▶ _What is being asked_:
Reproduce the following data exactly, minus any images.

══ Given data

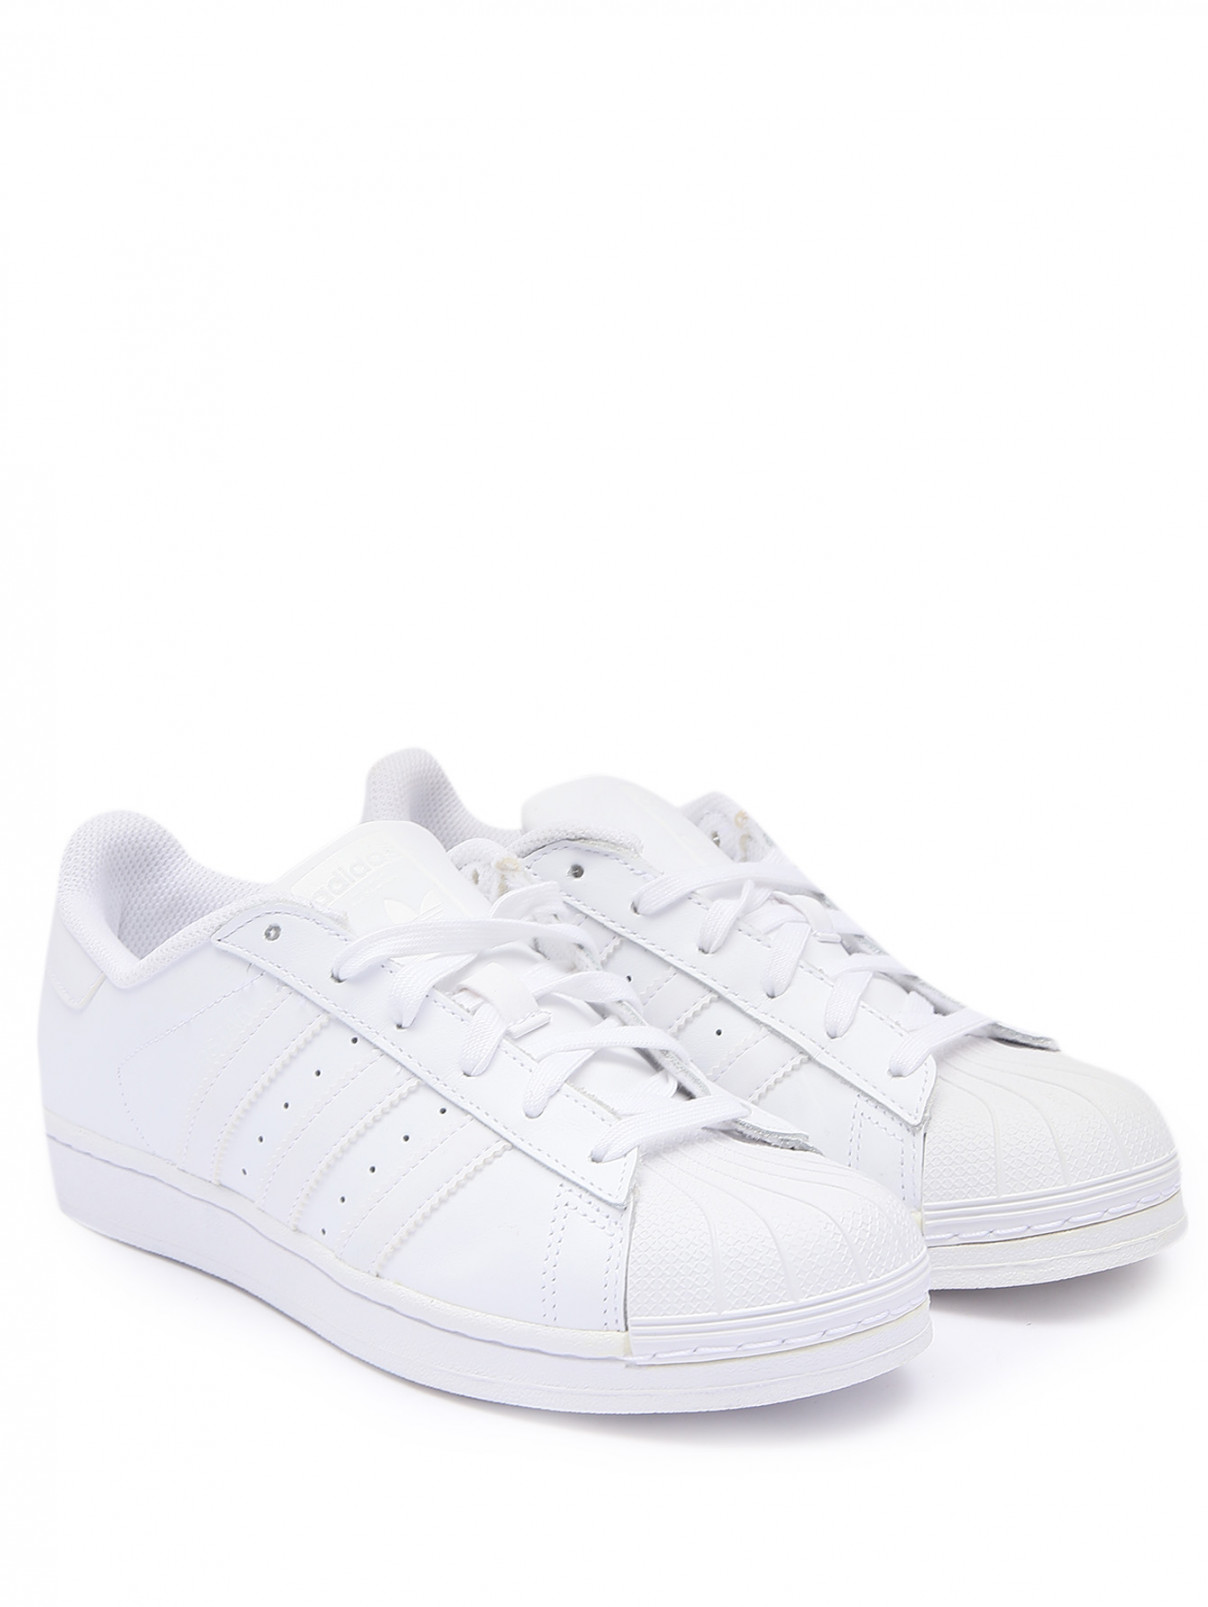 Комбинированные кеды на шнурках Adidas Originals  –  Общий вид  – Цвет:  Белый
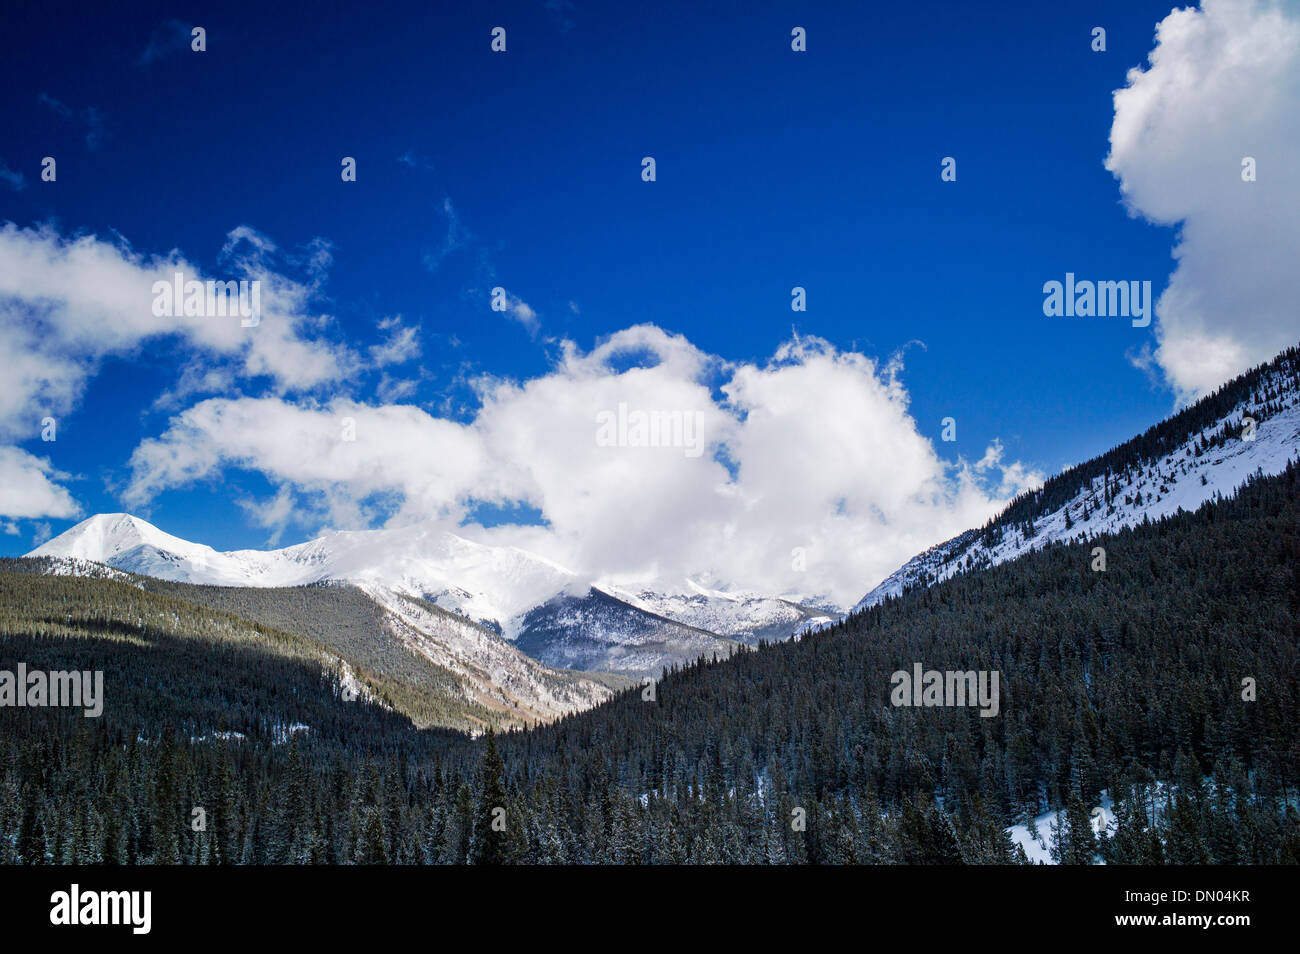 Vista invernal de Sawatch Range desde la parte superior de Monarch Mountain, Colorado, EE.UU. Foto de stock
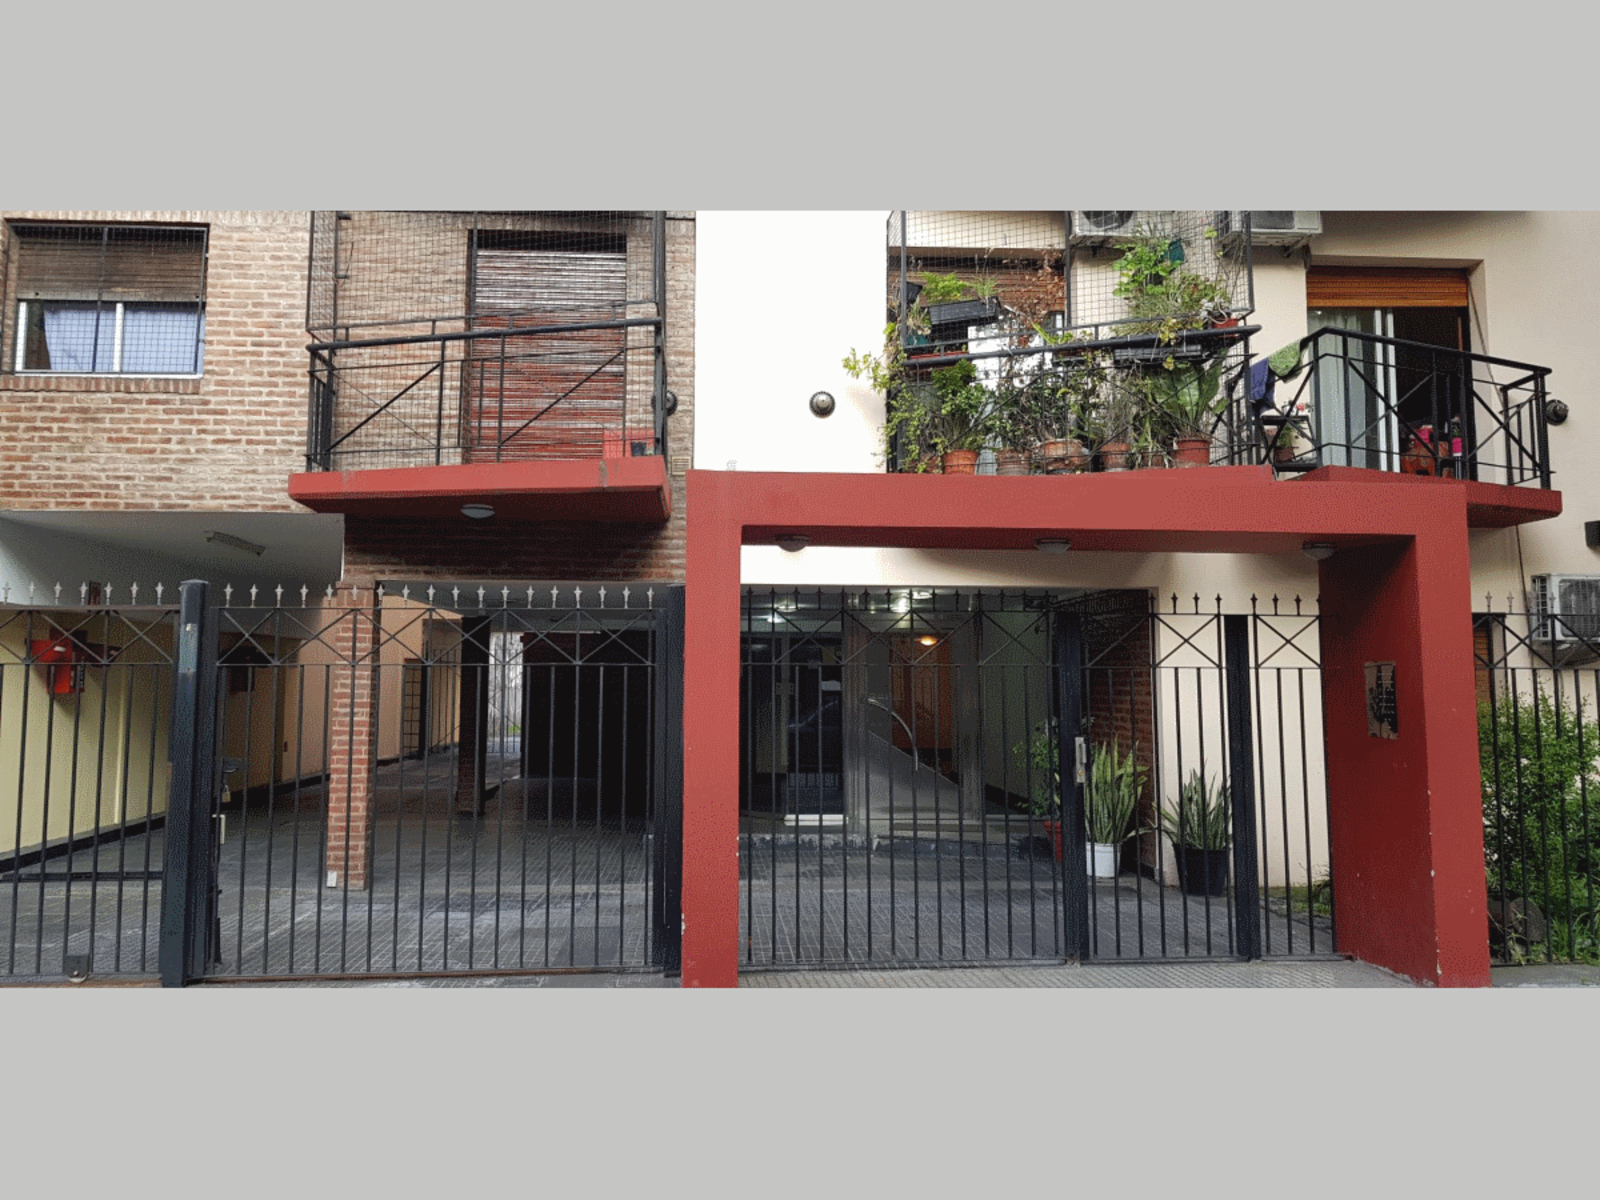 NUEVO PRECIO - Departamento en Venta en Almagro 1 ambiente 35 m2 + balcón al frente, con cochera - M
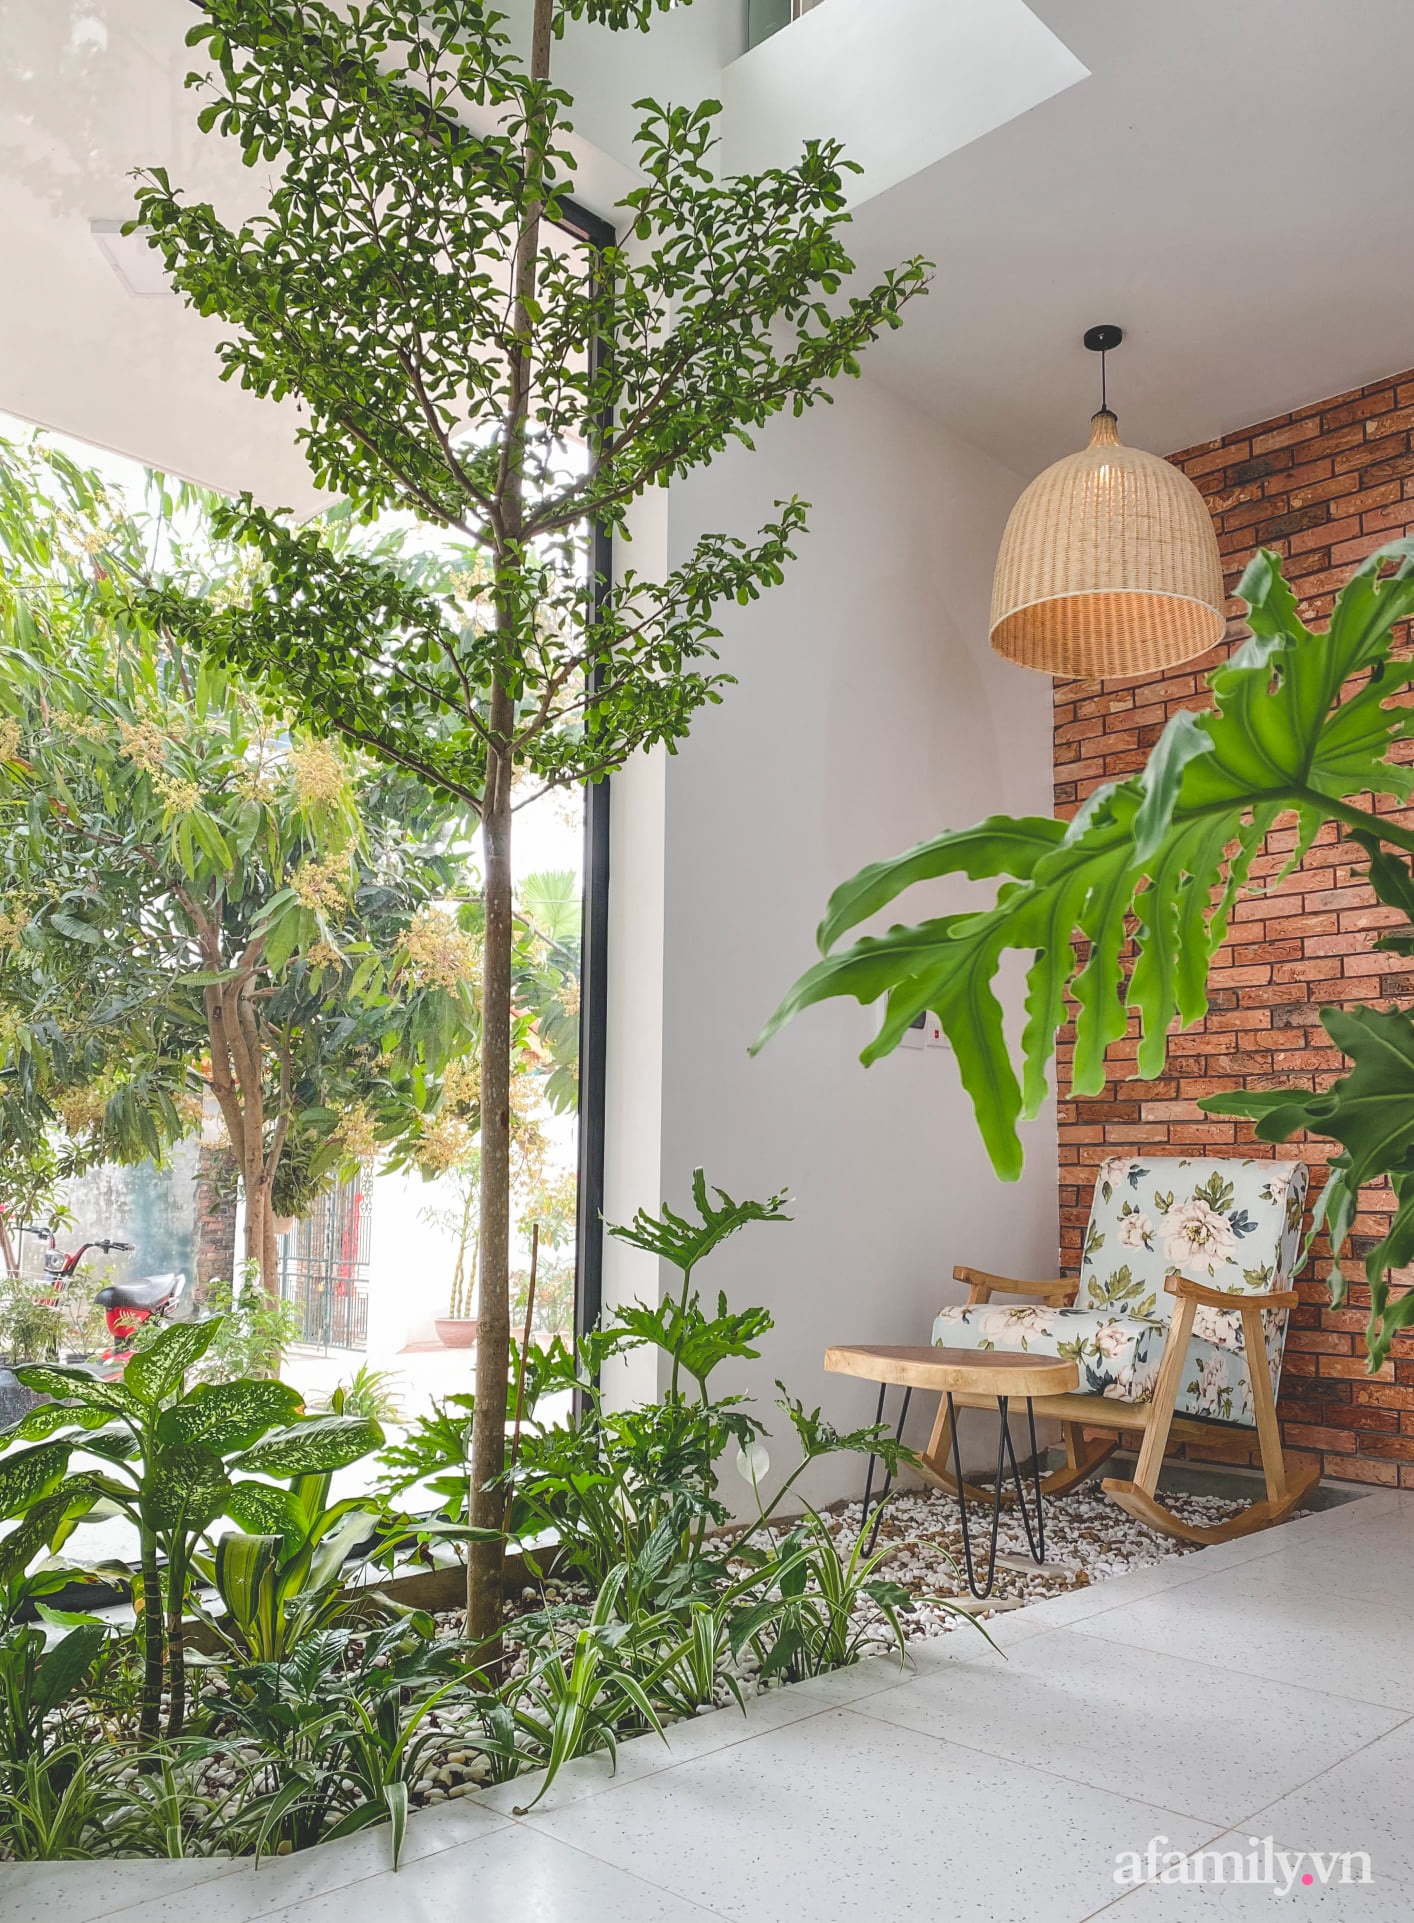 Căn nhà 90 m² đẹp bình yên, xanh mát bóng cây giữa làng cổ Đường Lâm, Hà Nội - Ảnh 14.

════

▶ _Answer box_:
 Комбинированные кеды на шнурках Adidas Originals  –  Общий вид  – Цвет:  Белый
 Vista invernal de Sawatch Range desde la parte superior de Monarch Mountain, Colorado, EE.UU. Foto de stock
 NUEVO PRECIO - Departamento en Venta en Almagro 1 ambiente 35 m2 + balcón al frente, con cochera - M
 Căn nhà 90 m² đẹp bình yên, xanh mát bóng cây giữa làng cổ Đường Lâm, Hà Nội - Ảnh 14.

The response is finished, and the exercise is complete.